Orchestral Tools Accents: Keyswitch, as they sampled accents

What I do:
1) I name everything consistently cause I'm too OCD not to. 
2) When several instruments use the same group/attribute mentality, I group them by saving multiple copies of the Excel file: Spitfire, VSL, OT.
3) When all instruments differ, even within the same library, I click these in on the Cubase GUI.

Having done that for a while, I can tell you that still feels 100x faster than using the GUI.

That may not apply to every scenario of course, so again you could still use different names.


----------



## dadadave (Aug 19, 2020)

thanks for clarifying about the color thing!

I wanted to include a screenshot of what I was referring to the first time around, but was too lazy :-D I was referring to this bit:





Can you just define one "sfz" for instance, and then refer to that in multiple Expression Maps in their respective "Articulation / Sound Slot"? That's what I imagined the "master list" might mean, but wasn't sure. And if that's the case, what happens if I'd like to have multiple entries with the same articulation name like so (just as examples):

sfz - Y - 1 - sfz
sfz - Y - 2 - sfz
sfz - N - 1 - sfz

Will the Expression Maps know which "sfz" I meant, if it's in the same row, for instance?

(I'm not sure if that's a big deal, anyway, I hardly ever use multiple groups and currently do all directions. I can also just experiment to find out how it works, maybe that's easier than trying to describe in words)


----------



## Sean J (Aug 19, 2020)

OH, right... the giant text I placed so obvious no one could miss it.........

What I meant:

List 30 maps worth of data. After that, you'll need an attribute/group list. So... copy your entire articulation list into a blank worksheet > REMOVE DUPLICATES (on the Data tab in Excel) > now you have a list you can use here, add group numbers or attributes. Rather than fill this out by hand, Excel will give you a list of each unique articulation name this way. Handy time saver.

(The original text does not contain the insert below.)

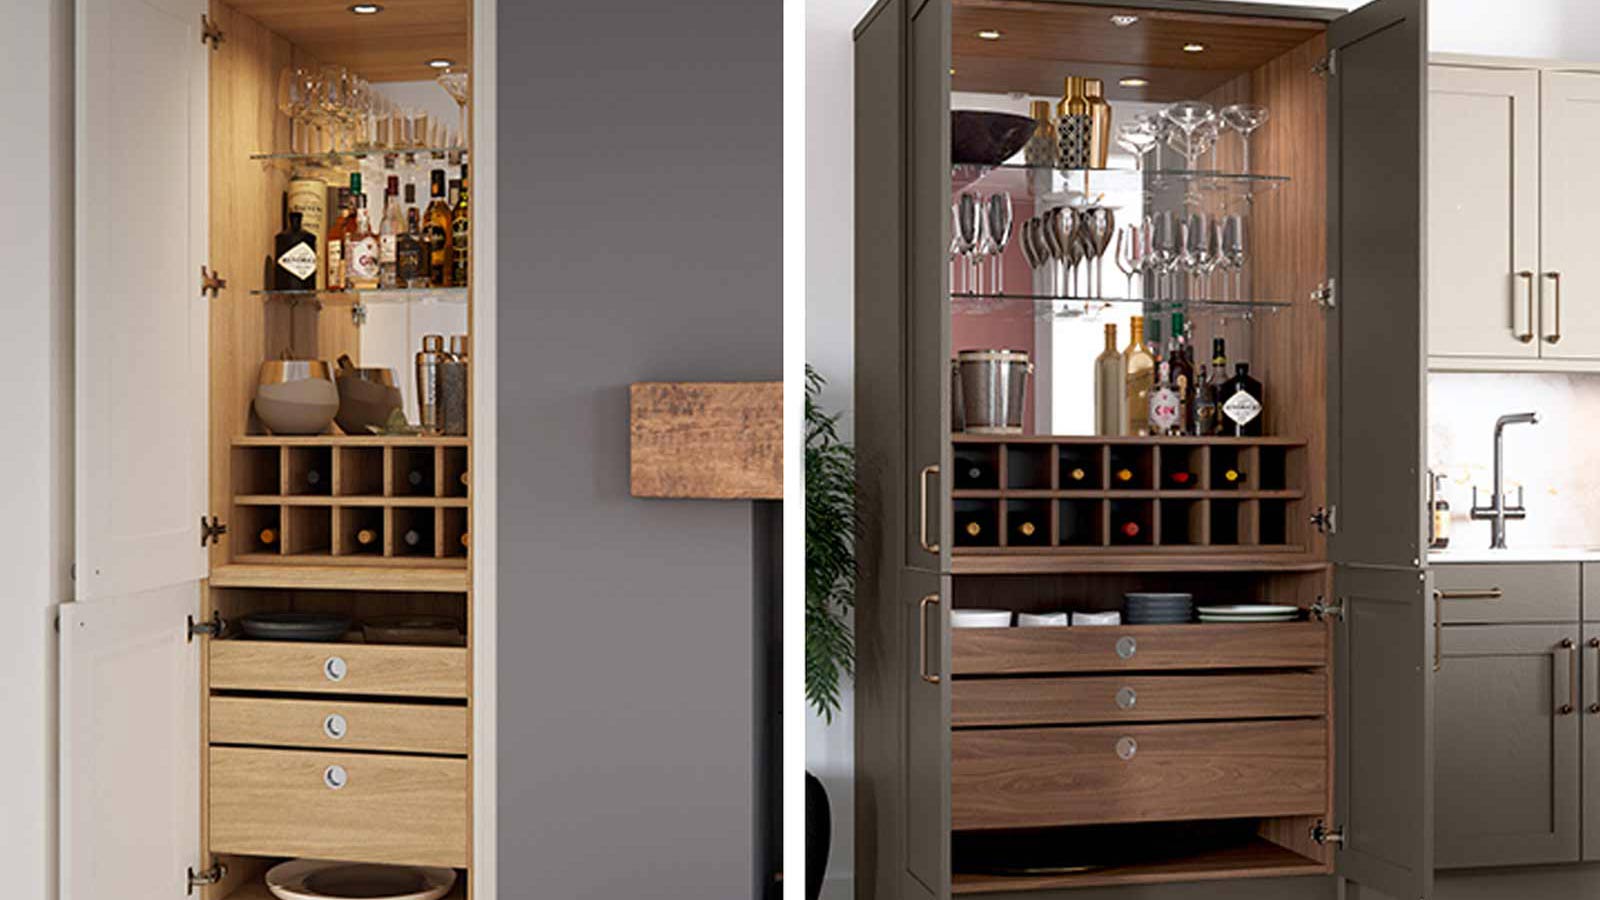 Wine storage cabinets with wine glass shelves for drink storage

Btw, I'm sort of dumbing some explanations down. I realize if you know what a string is, I could be less specific. I just want it clear for anyone else who may read this.



dadadave said:


> Can you just define one "sfz" for instance, and then refer to that in multiple Expression Maps in their respective "Articulation / Sound Slot"?



That's exactly how I mean for this to work, not the multiple entry idea. Interesting, could work, but convoluted to read and write for people unless you were fairly committed to mapping often.



dadadave said:


> I'm not sure if that's a big deal, anyway, I hardly ever use multiple groups and currently do all directions.



LOL, well I did all directions too and avoided groups when I used Cubase. In the end, I came to appreciate groups, but IMHO they are a poor workflow for good user experience. They are the right idea though, especially in Dorico. Notion and Dorico have to understand that mutes stay in place when you change from stac to legato. Users just shouldn't have to mouse click multiple edits to do something any orchestra-savvy program should know how to do already. It's cumbersome.

It's good to pick this apart though, as it answers a lot of questions I used to get over email on my last editor. It's better to have all the best answers in one place. So I don't mind at all. You're definitely keen on this though. Great questions.


----------



## tack (Aug 19, 2020)

scoredfilms said:


> Reaper wants a pre-defined color name, as listed when you click the Reaper Complex View.


FWIW Reaticulate is happy with a hex color (#rrggbb) too. But the benefit of the predefined names is that general articulation colors are consistent across banks.


----------



## Sean J (Aug 19, 2020)

tack said:


> FWIW Reaticulate is happy with a hex color (#rrggbb) too. But the benefit of the predefined names is that general articulation colors are consistent across banks.



Right, I just haven't added the hex option yet. It's stupid simple (like everything you've done with Reaticulate), so I have no excuse.  Once I edit the file again, I'll add it.


----------



## Audio Birdi (Aug 22, 2020)

tack said:


> FWIW Reaticulate is happy with a hex color (#rrggbb) too. But the benefit of the predefined names is that general articulation colors are consistent across banks.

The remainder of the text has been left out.